Driver tried to torch Edmonton Police Station in Remembrance Day attack

·3-min read
Driver tried to torch Edmonton Police Station in Remembrance Day attack

A man who rammed into and tried to torch a London police station in a Remembrance Day revenge attack has been detained in hospital indefinitely.

Adam Pawlowski, 46, veered off the road and slammed his car into the front of Edmonton Police Station on November 11 last year, in an attack he claimed had been planned for more than two years.

When his vehicle became wedged in the shattered front of the building, CCTV footage shows Pawlowski splashed petrol on to the police station and laid a trail into the road.

In scenes reminiscent of a Hollywood movie, Pawlowski set the trail of flammable trail alight before he was wrestled to the ground by a heroic members of the public. Police officers then rushed out to extinguish the flames before they reached the Fore Street station.

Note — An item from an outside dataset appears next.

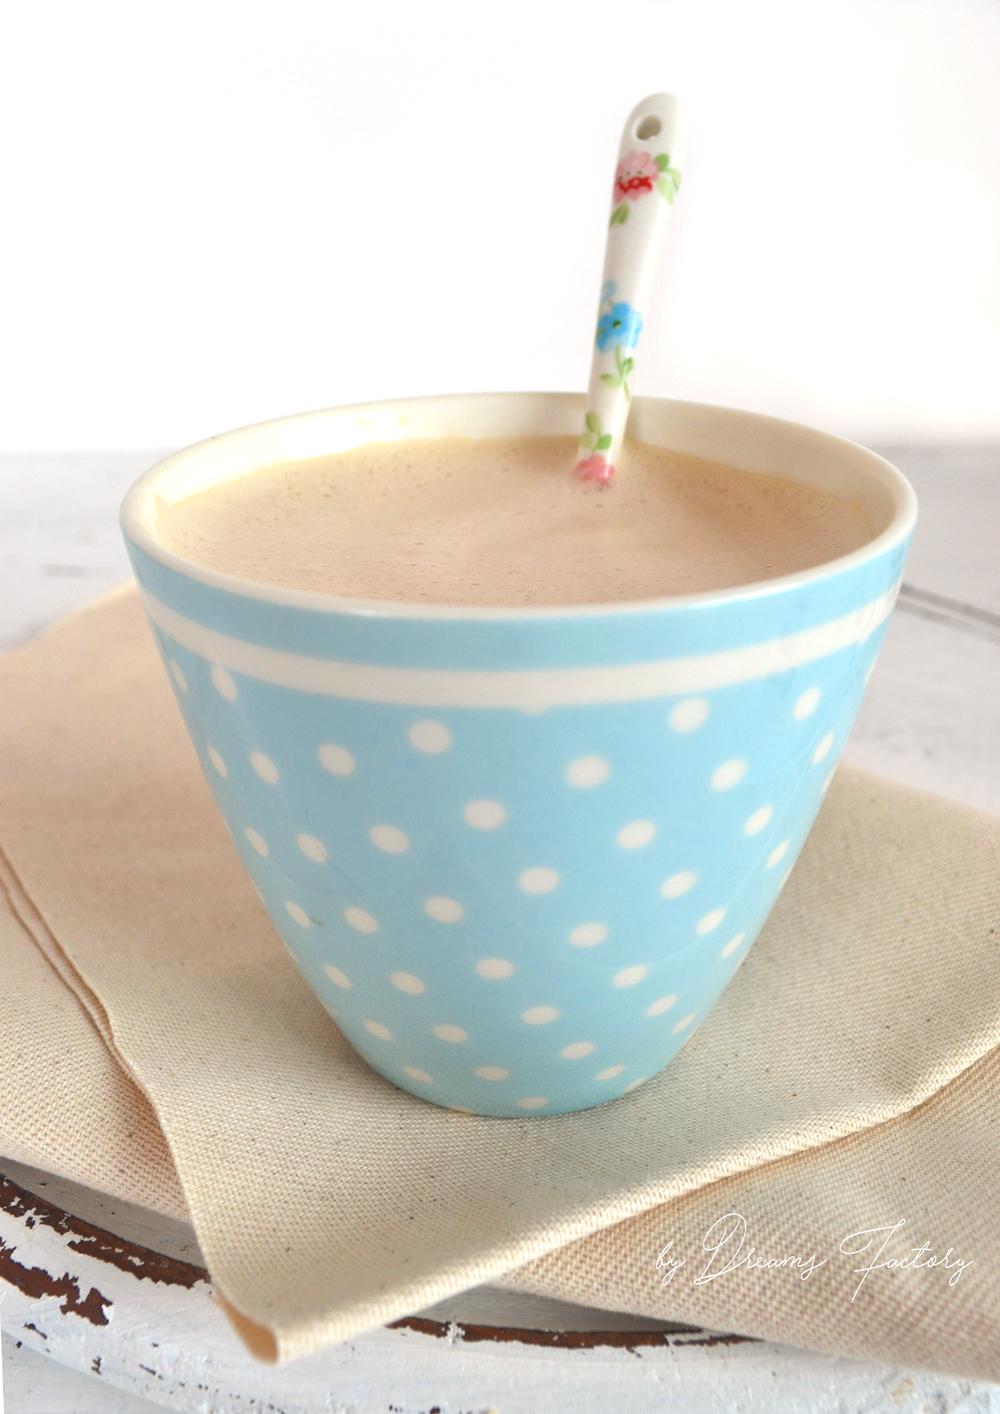 Creamy and foamy coconut oil coffee

Prosecutor Richard Milne told Wood Green crown court Pawlowski, a Polish national, later admitted to detectives that he had deliberately planned the attack to coincide with Remembrance Day.

Adam Pawlowski (MPS)
Adam Pawlowski (MPS)

Scotland Yard said he had picked the date and time - 7pm - due to a personal significance to the numbers one and seven.

“The defendant said he planned the attack from the last two and a half years, and the date of November 11 had been chosen specifically”, he said.

“He went on to admit he bought £6 of petrol and had driven at the police station. He intended to reverse and drive back into the office several times, but he was unable to do so.

“He poured petrol on to the floor and walls of the station, but didn’t have enough petrol. He admitted his intention was for the police station to catch fire.”

Judge Barbara Mensah ordered that Pawlowski is held in a secure hospital indefinitely for treatment.


Dramatic footage of the attack, which caused £12,000 of damage, was played in court, showing Pawlowski’s car suddenly mount the pavement and smash into the front of the police station.

“Having smashed the vehicle into the building, it appears to have become wedged”, said Mr Milne. “He wasn’t able to go forwards and backwards, but the defendant was revving the engine while spinning the wheels at a very high speed, causing large amounts of smoke to appear.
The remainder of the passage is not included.